General of Saladin, ruler of Erbil and founder of the Ceremony of Mawlid (1154–1233)

Gökböri (Note: Also rendered Gokbori and Kukburi) (13 April 1154 – 28 June 1233) or Muzaffar ad-Din Gökböri, (Note: Full praise names: al-Malik al-Muazzam (the Exalted Prince) Muzaffar ad-Din (the Triumphant in the Faith)) was a leading emir and general of Sultan Saladin (Ṣalāḥ ad-Dīn Yūsuf ibn Ayyūb), and ruler of Erbil. He served both the Zengid and Ayyubid rulers of Syria and Egypt.

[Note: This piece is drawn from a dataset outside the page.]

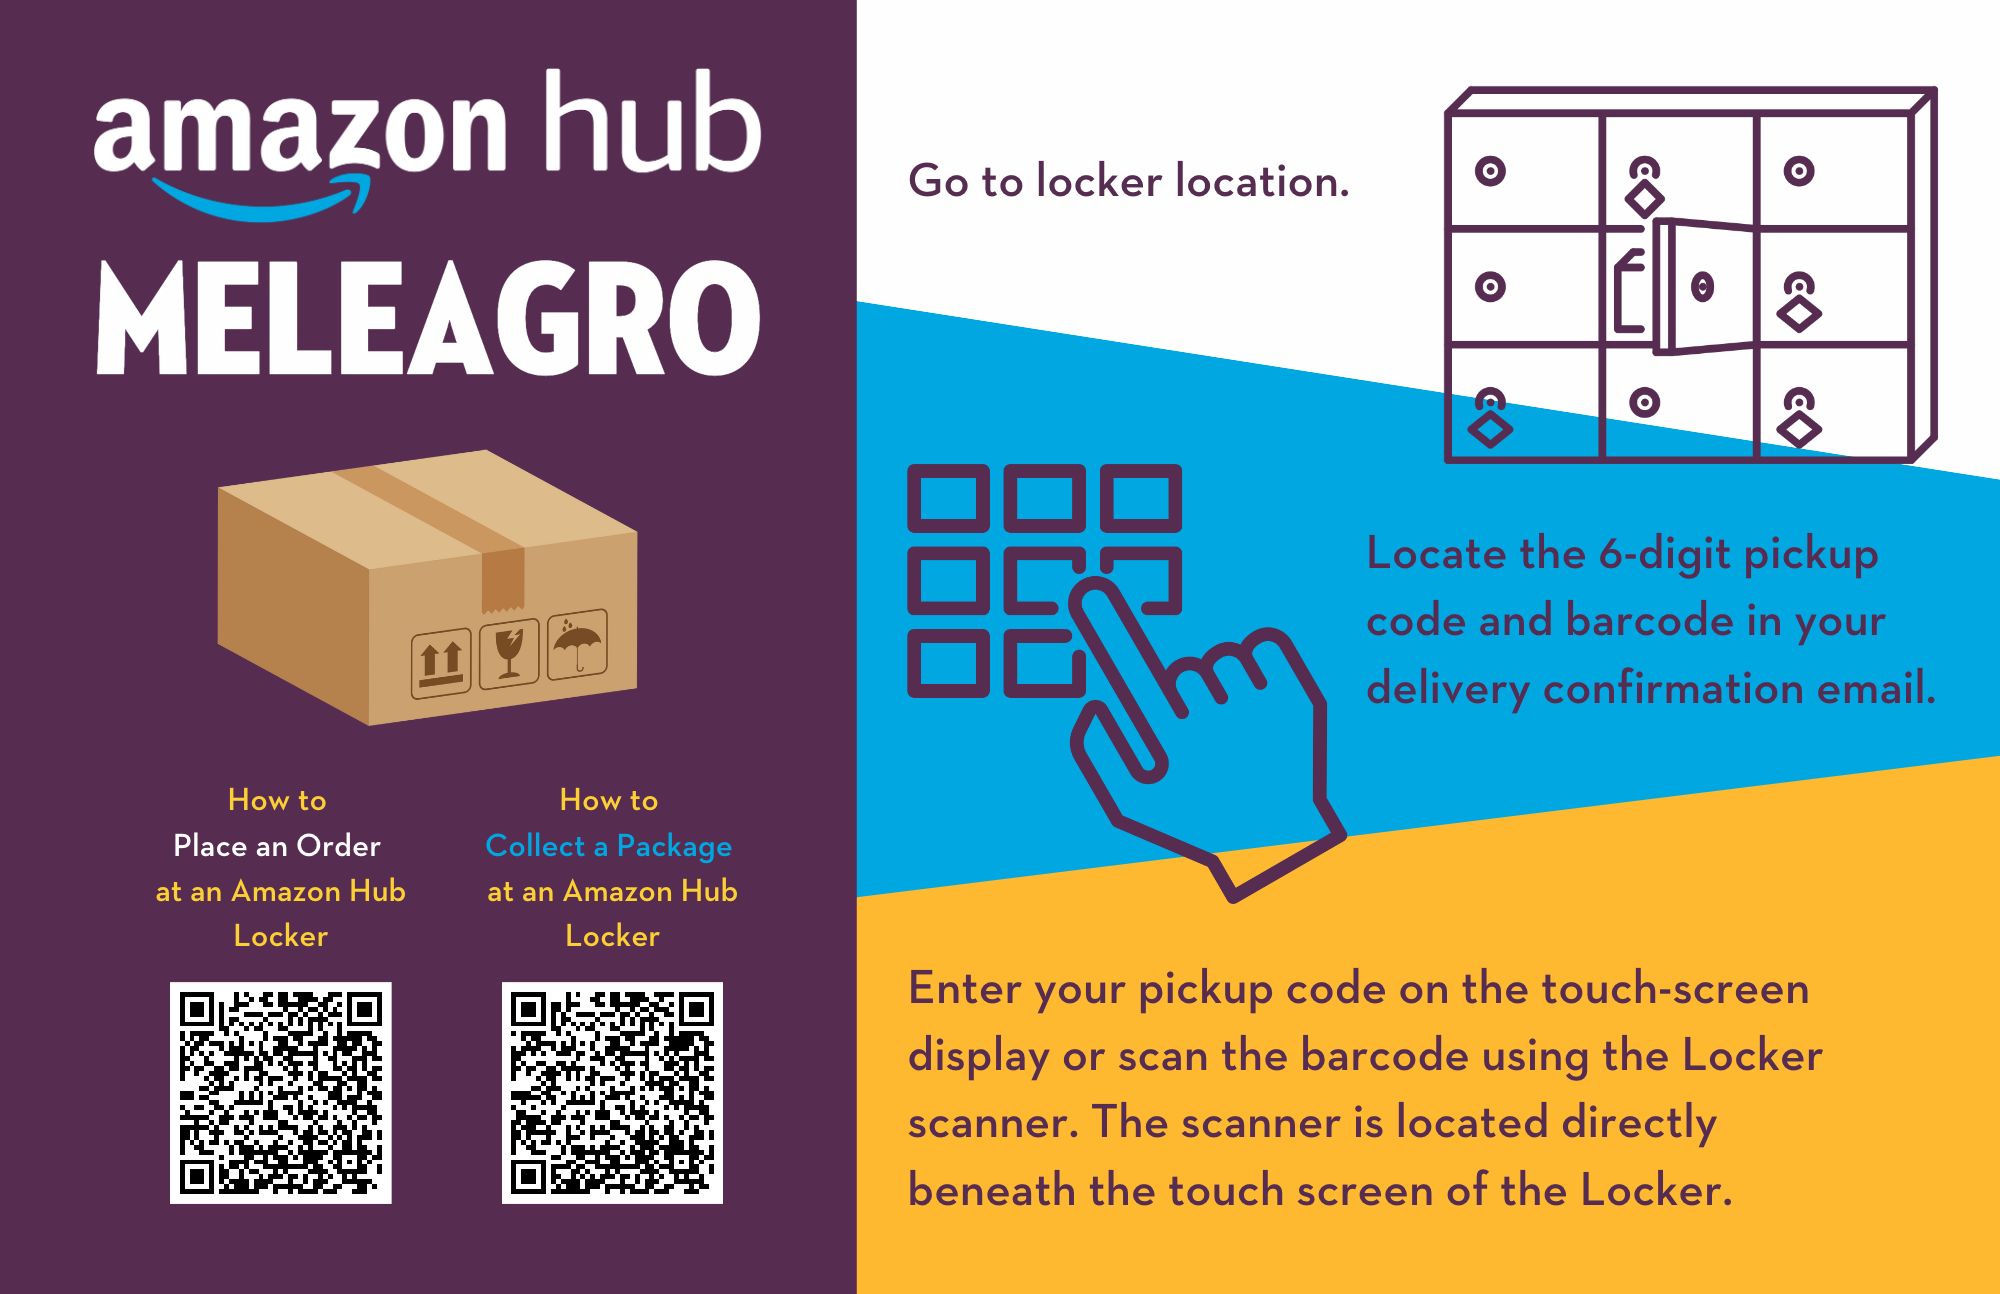 Amazon Lockers are coming to Chestnut Hill College. Scan the QR code to learn how to use the new lockers.

He played a pivotal role in Saladin's conquest of Northern Syria and the Jazira (Upper Mesopotamia) and later held major commands in a number of battles against the Crusader states and the forces of the Third Crusade.

Gökböri was the first Muslim ruler to publicly celebrate the birth of Islamic prophet Muhammad, this ceremony included the recitation of poetry honouring Mawlid (the Prophet's Birthday).

==Origins and early life==
Gökböri, whose name means "Blue-wolf" in Old Turkic, was the son of Zain ad-Din Ali Kutchek, the Emir of Erbil (known as Arbela in contemporary Arab usage). Gökböri's ancestry was Turcoman and his family, known as the Begtegīnids, were associated with the Seljuk Turks. On the death of his father, in August 1168, the fourteen-year-old Gökböri succeeded to the lordship of Erbil. However, the atabeg of Erbil, Kaimaz, deposed Gökböri in favour of his younger brother, Gökböri, exiled from his city, eventually took service with the Zengid prince Sayf al-Din Ghazi II of Mosul. The lord of Mosul granted Gökböri the city of Harran as a fief.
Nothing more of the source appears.